Saulo estava enlevado. Não poderia traduzir as sen­sações cariciosas que lhe represavam no coração tomado de inefável contentamento. Esperanças novas bafeja­vam-lhe a alma. Em sua retina espiritual desdobrava-se radioso futuro. Quis mover-se, agradecer a dádiva sublime, mas a emoção privava-o de qualquer manifestação afetiva. Entretanto, pairava-lhe no espírito uma grande interrogação. Que fazer, doravante, para triunfar? Como completar as noções sagradas que lhe competia exempli­ficar praticamente, sem anotação de sacrifícios? Deixan­do perceber que lhe ouvia as mais secretas interpelações, Abigail adiantou-se, sempre carinhosa:
— Saulo, para certeza da vitória no escabroso cami­nho, lembra-te de que é preciso dar: Jesus deu ao mundo quanto possuía e, acima de tudo, deu-nos a compreensão intuitiva das nossas fraquezas, para tolerarmos as misé­rias humanas...

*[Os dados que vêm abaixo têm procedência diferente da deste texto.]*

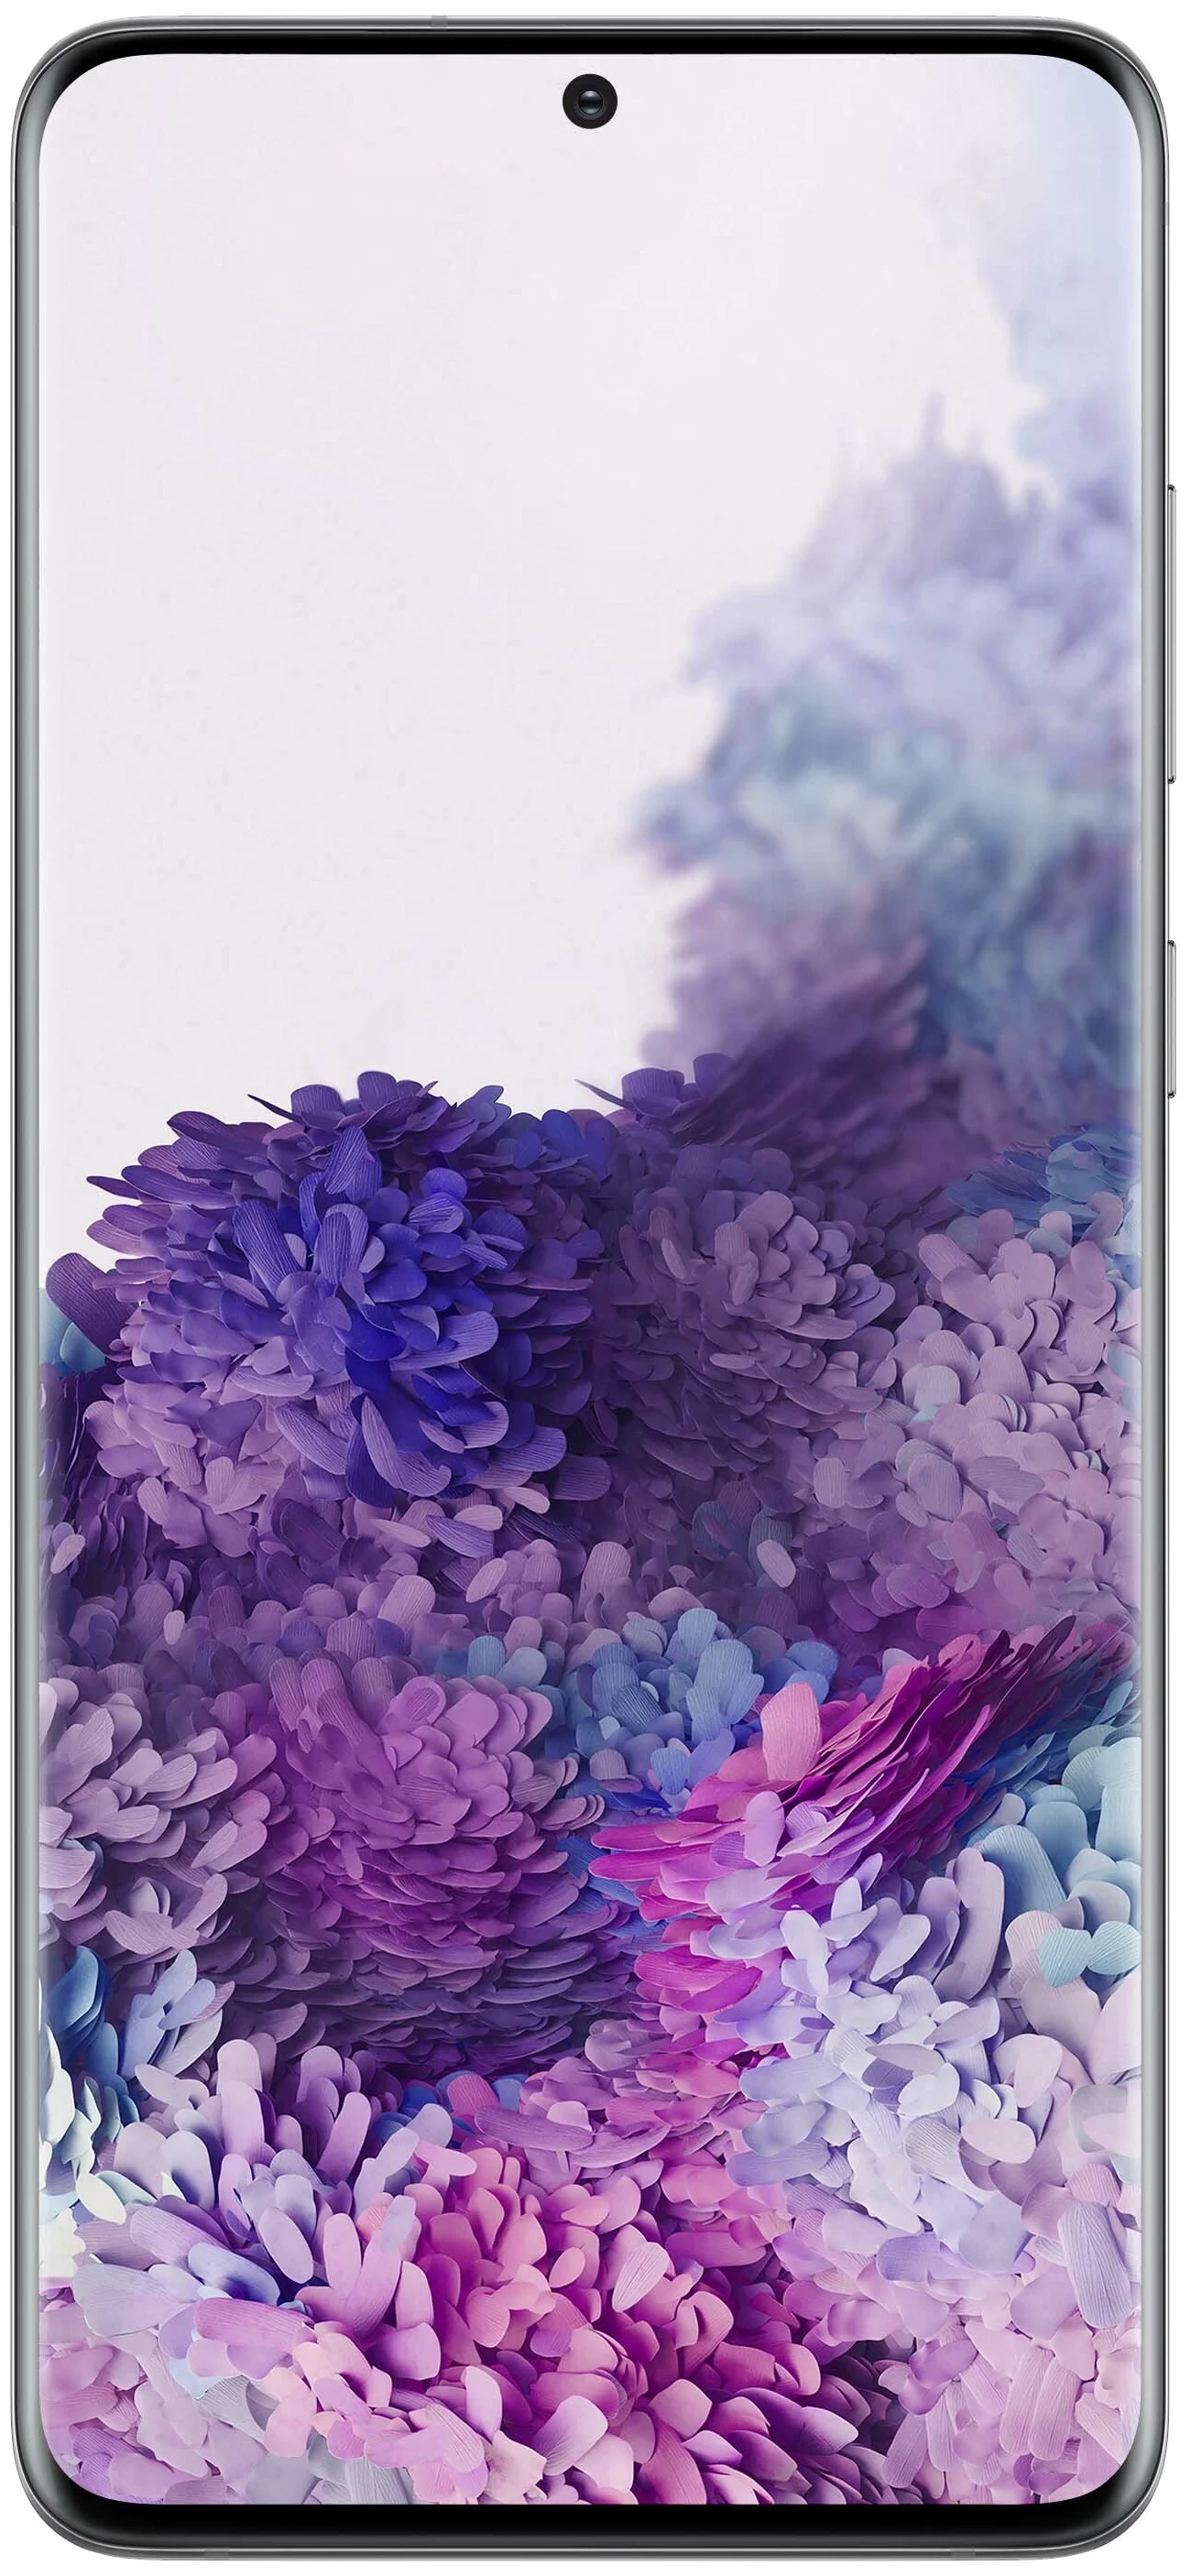 Samsung Galaxy S20+ - беспроводные интерфейсы: NFC, Wi-Fi, Bluetooth 5.0

O moço tarsense notou que Estevão, nesse ínterim, se despedia, endereçando-lhe um olhar fraterno.
Abigail, por sua vez, apertava-lhe as mãos com imensa ternura. O ex-rabino desejaria prolongar a deli­ciosa visão para o resto da vida, manter-se junto dela para sempre; contudo, a entidade querida esboçava um gesto de amoroso adeus. Esforçou-se, então, por catalo­gar apressadamente suas necessidades espirituais, dese­joso de ouvi-la relativamente aos problemas que o de­frontavam. Ansioso de aproveitar as mínimas parcelas daquele glorioso, fugaz minuto, Saulo alinhava mental­mente grande número de perguntas. Que fazer para adquirir a compreensão perfeita dos desígnios do Cristo?
— Ama! — respondeu Abigail espontaneamente.

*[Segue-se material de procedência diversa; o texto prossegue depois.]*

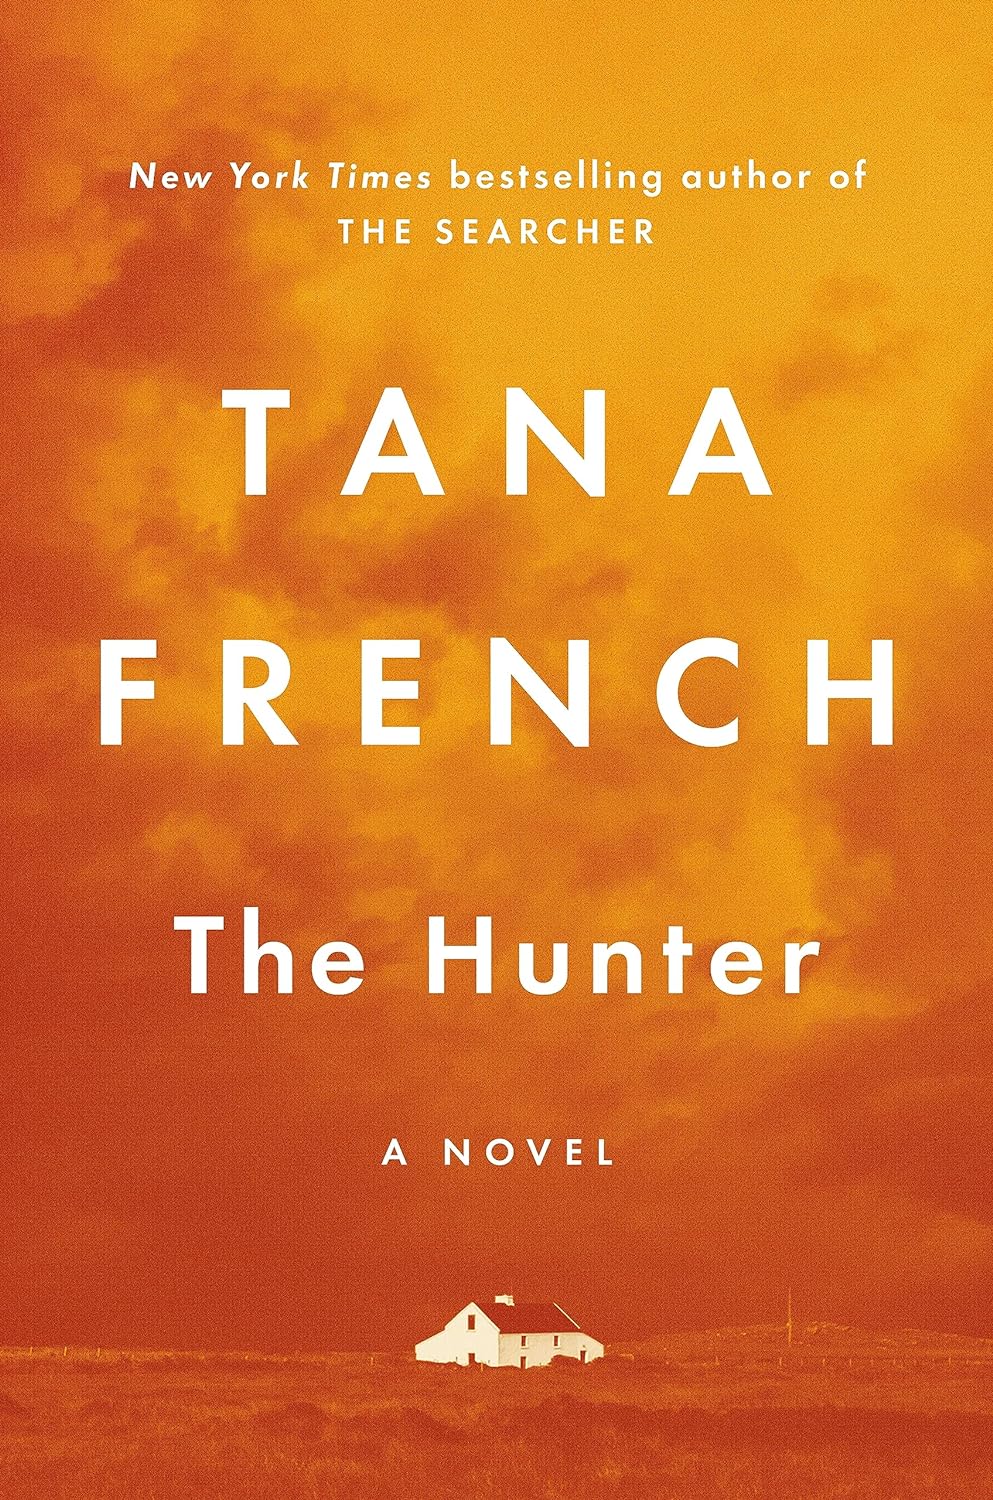 The Hunter: A Novel by Tana French

Mas, como proceder de modo a enriquecermos na virtude divina? Jesus aconselha o amor aos próprios inimigos. Entretanto, considerava quão difícil devia ser semelhante realização. Penoso testemunhar dedicação, sem o real entendimento dos outros. Como fazer para que a alma alcançasse tão elevada expressão de esforço com Jesus-Cristo?

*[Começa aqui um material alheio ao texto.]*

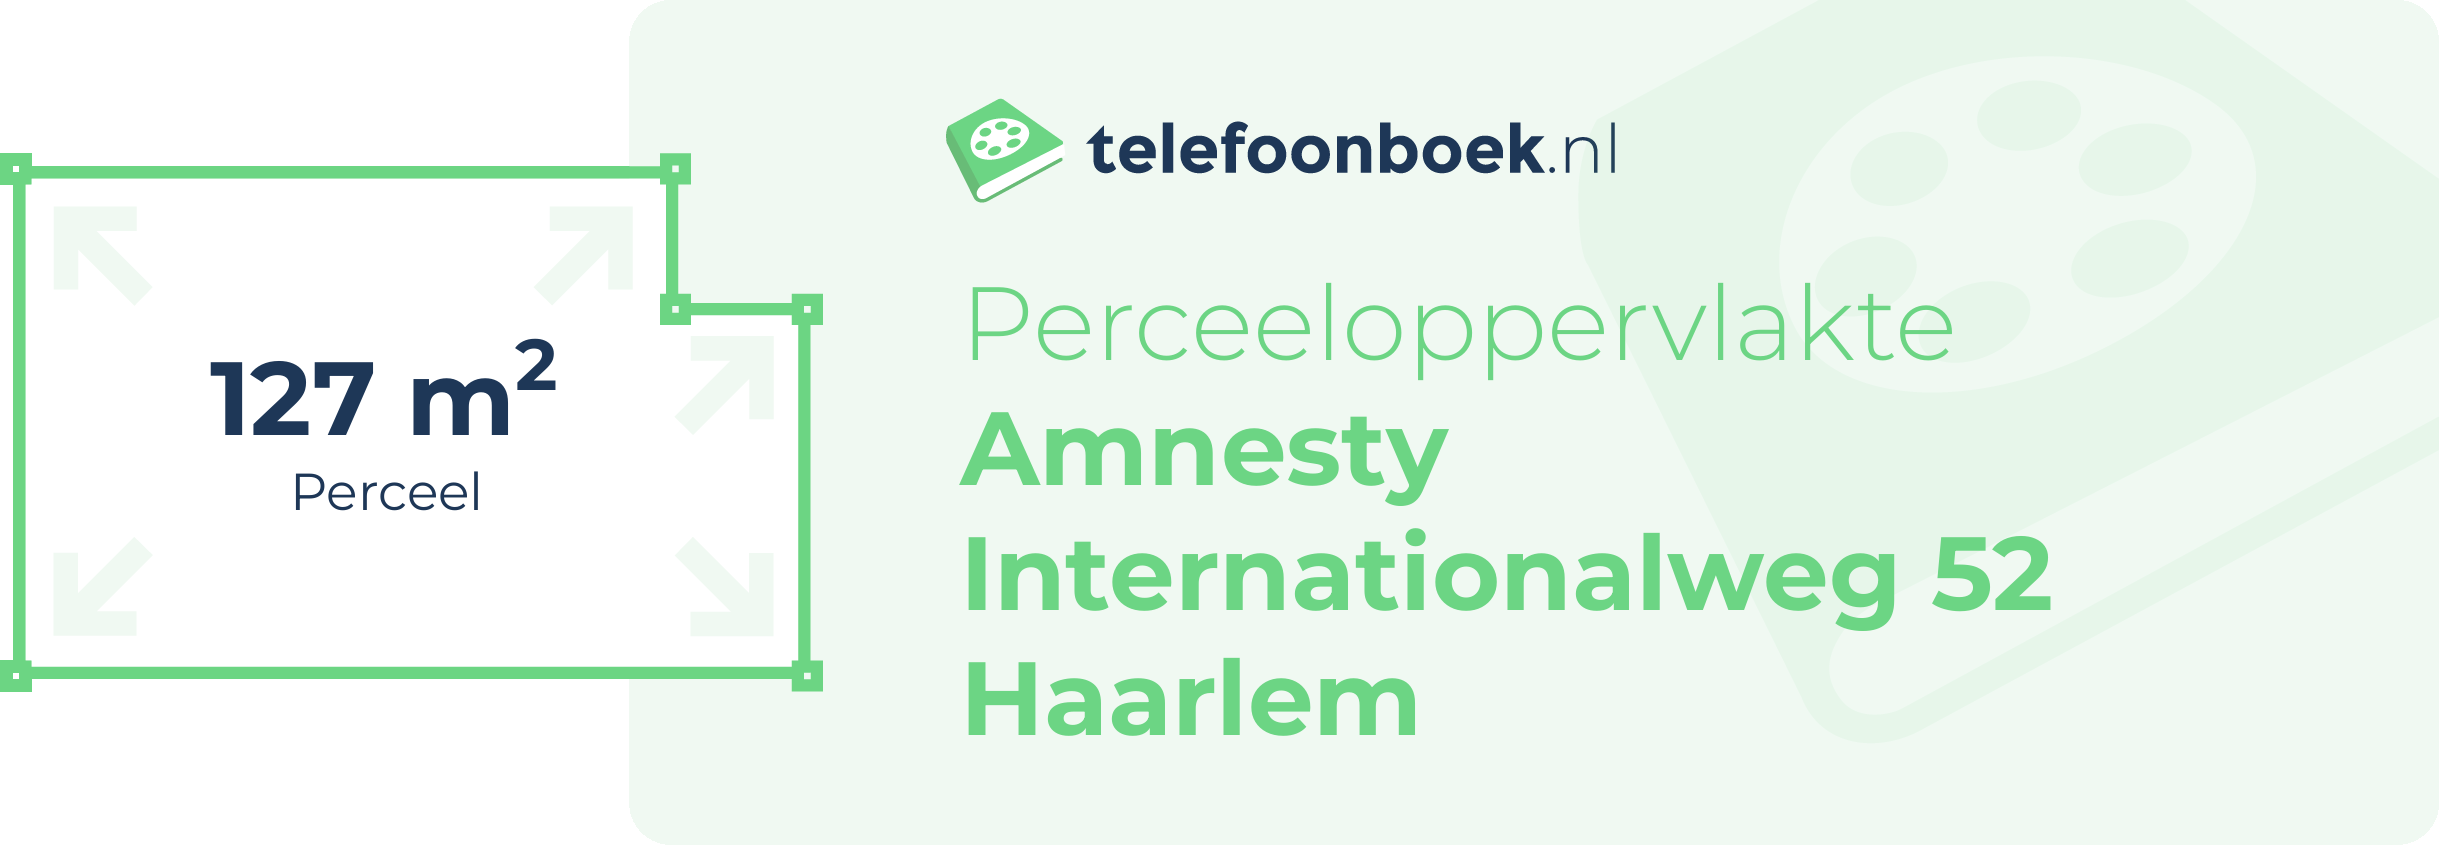 Perceeloppervlakte Amnesty Internationalweg 52 Haarlem

— Trabalha! — esclareceu a noiva amada, sorrindo bondosamente.
Abigail tinha razão. Era necessário realizar a obra de aperfeiçoamento interior. Desejava ardentemente fa­zê-lo. Para isso insulara-se no deserto, por mais de mil dias consecutivos.
Todavia, voltando ao ambiente do esforço coletivo, em cooperação com antigos companhei­ros, acalentava sadias esperanças que se converteram em dolorosas perplexidades.
Que providências adotar contra o desânimo destruidor?
— Espera! — disse ela ainda, num gesto de terna solicitude, como quem desejava esclarecer que a alma deve estar pronta a atender ao programa divino, em qualquer circunstância, extreme de caprichos pessoais.
Ouvindo-a, Saulo considerou que a esperança fora sempre a companheira dos seus dias mais ásperos. Sa­beria aguardar o porvir com as bênçãos do Altíssimo. Confiaria na sua misericórdia. Não desdenharia as opor­tunidades do serviço redentor. Mas... os homens? Em toda parte medrava a confusão nos espíritos. Reconhecia que, de fato, a concordância geral em torno dos ensina­mentos do Mestre Divino representava uma das realiza­ções mais difíceis, no desdobramento do Evangelho; mas, além disso, as criaturas pareciam igualmente desinteressadas da verdade e da luz. Os israelitas agarravam-se à Lei de Moisés, intensificando o regime das hipocrisias farisaicas; os seguidores do “Caminho” aproximavam-se novamente das sinagogas, fugiam dos gentios, subme­tiam-se, rigorosamente, aos processos da circuncisão. Onde a liberdade do Cristo? Onde as vastas esperanças que o seu amor trouxera à Humanidade inteira, sem exclusão dos filhos de outras raças? Concordavam em que se fazia indispensável a mar, trabalhar, esperar; entre­tanto, como agir no âmbito de forças tão heterogêneas? Como conciliar as grandiosas lições do Evangelho com a indiferença dos homens?
Abigail apertou-lhe as mãos com mais ternura, a indicar as despedidas, e acentuou docemente:
— Perdoa!...
Em seguida, seu vulto luminoso pareceu diluir-se como se fosse feito de fragmentos de aurora.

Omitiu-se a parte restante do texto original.